1. Cognitive agents. I plan to investigate how LLM-based agents can learn and adapt through interaction — designing algorithms that enable continuous internal strategy updates, principled uncertainty quantification, and human-like decision-making in dynamic social contexts. Key challenges include grounding symbolic reasoning in latent space, building robust world models from noisy observations, and developing verifiable self-correction mechanisms.

2. Multi-agent social intelligence. At the collective level, I aim to build interactive agent societies that serve as high-fidelity simulations for studying coordination, cooperation, and competition at scale. In such environments, we can observe emergent social patterns — norms, trust, strategic adaptation — arising from the accumulation of individual behaviors. These simulations will provide both scientific insight into collective intelligence and engineering foundations for robust multi-agent deployments.

References

  1. Yu Huo*, Yating Li*, and Xiaoying Tang. FedGF: Layer-Wise Federated Learning with Group Fairness Guarantees. ICIC 2025. Link.
  2. Yu Huo*, Siyu Zhang*, Kun Zeng*, Haoyue Liu, Owen Lee, Junlin Chen, Yuquan Lu, Yifu Guo, Yaodong Liang, and Xiaoying Tang. Shape of Thought: Progressive Object Assembly via Visual Chain-of-Thought. ICML 2026. Link.
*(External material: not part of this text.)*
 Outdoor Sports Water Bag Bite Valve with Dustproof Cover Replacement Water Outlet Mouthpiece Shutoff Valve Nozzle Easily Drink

  3. Chengzhi Liu*, Yu Huo*, Yue Fan, Qingyue Wei, Sheng Liu, and Xin Eric Wang. Reasoning Within the Mind: Dynamic Multimodal Interleaving in Latent Space. arXiv preprint arXiv:2512.12623, 2025. Link.
  4. Yu Huo*, Kun Zeng*, Siyu Zhang*, Yuquan Lu, Cheng Yang, Yifu Guo, and Xiaoying Tang. RepoShapley: Shapley-Enhanced Context Filtering for Repository-Level Code Completion. ACL 2026. Link.
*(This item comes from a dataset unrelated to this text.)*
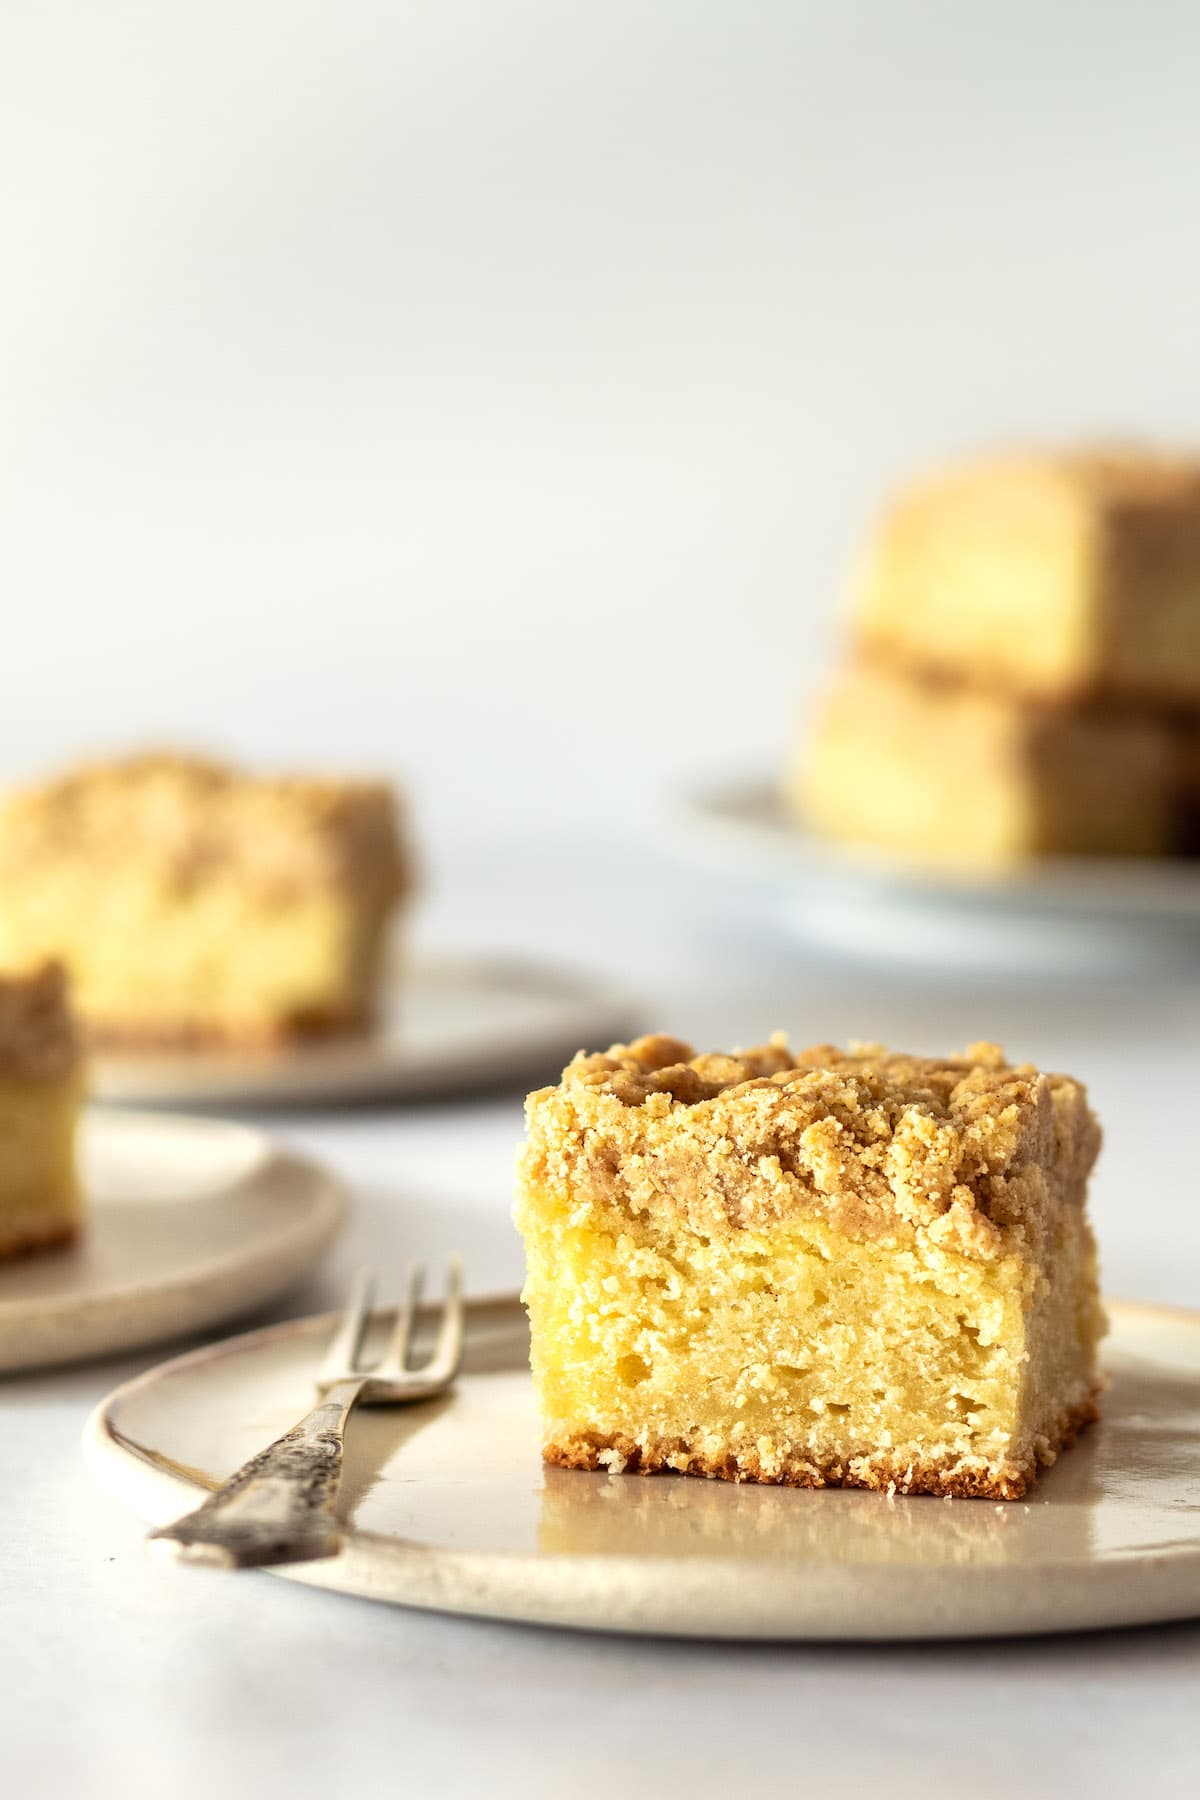 Side view of crumb cake on plate with fork

  5. Yiyang Guo, Shuai Chen, Yuquan Lu, Jiarui Lin, Zongwei Xu, Jin Lin, Siyu Zhang, Cheng Yang, Jiawei Li, Yiming Li, Yu Huo, and Ruicheng Wang. From Brewing to Resolution: Tracing the Internal Lifecycle of Code Reasoning in LLMs. COLM 2026 (Submission). Link.
  6. Kun Zeng*, Yu Huo*, Siyu Zhang, Zi Ye, Yuecheng Zhuo, Haoyue Liu, Yuquan Lu, Junhao Wen, and Xiaoying Tang. Group of Skills: Group-Structured Skill Retrieval for Agent Skill Libraries. arXiv preprint arXiv:2605.06978, 2026. Link.
  7. Huanyu Yan*, Yu Huo*, Min Lu, Weitong Ou, Xingyan Shi, Ruihe Shi, and Xiaoying Tang. Optimal Boost Design for Auto-bidding Mechanism with Publisher Quality Constraints. arXiv preprint arXiv:2508.08772, 2025. Link.